Dildo tossed the shiny coin high in the air. Toss!
“Whoohoo…she’s seen it and she’s lifting off to gobble it up. Get your bow and arrow ready, you crapulent capybara…. Now shoot her in the left tit, It’s smaller than the other one; less resistance to get through to her vitals..”
“But… But what’s that strange thing hanging off her tit….?”
“It’s nothing; it’s just the Mad Abbott, he’s her remora…… Shoot now, we’ll get two parasites with one shaft…..”
TWANG!
“OH NO! You’ve only hit blubber.”
“Goody, old man… she’s all blubber.
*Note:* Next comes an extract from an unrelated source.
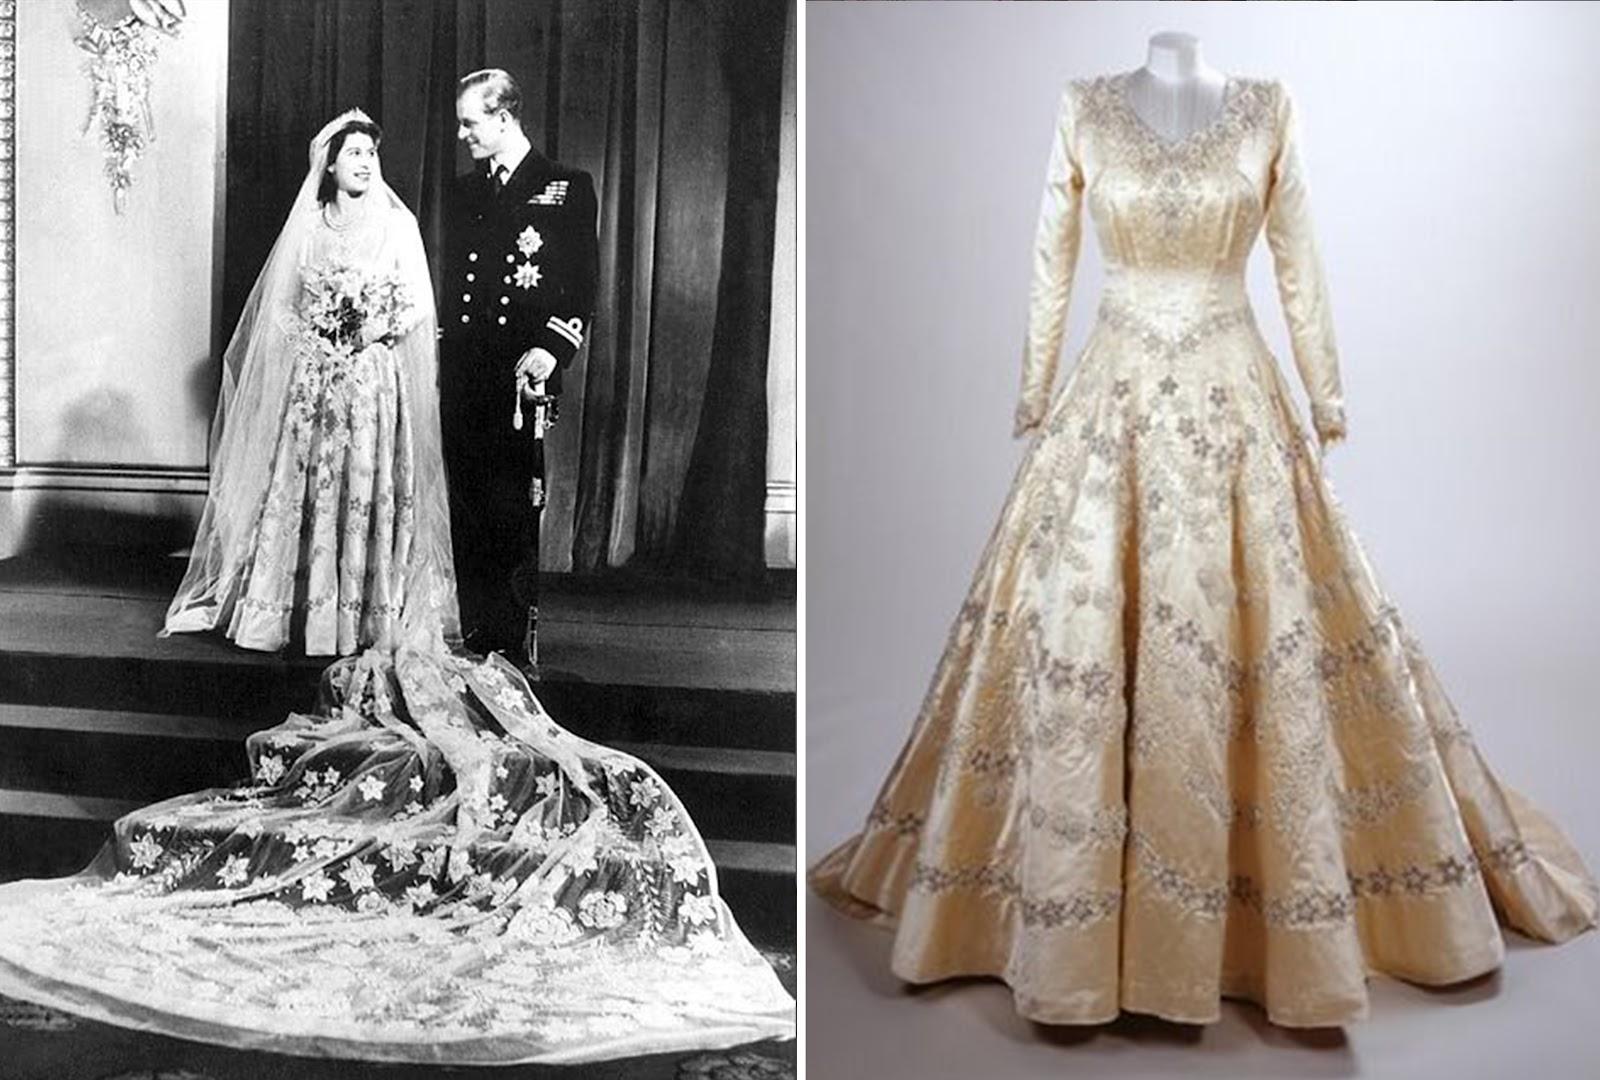 Queen elizabeth ii wedding dress lime green gown with crinoline

I don’t know where to aim… nothing will get through to her gizzard.”
“It’s time for some wizardry… here, tie this orcskin envelope to one of my magical sky rockets, point it to the East and light the wick.”
“Is it a bomb?”
“Sort of;  it’s something I have been quietly  sitting on for a couple of dozen years. it’s the formula and instructions to make industrial cold fusion. Once the Easties in Threedoor  have it they will drop her coal imports like a sizzling dumpling.”   
“Excellent!  And will fat Smug crash to her death and squash that little jerk hanging on underneath her?”
“If you believe in cold fusion, my little quokka, you’ll believe we can stop Smug the Fat and her Parasite. But let’s give it a shot!”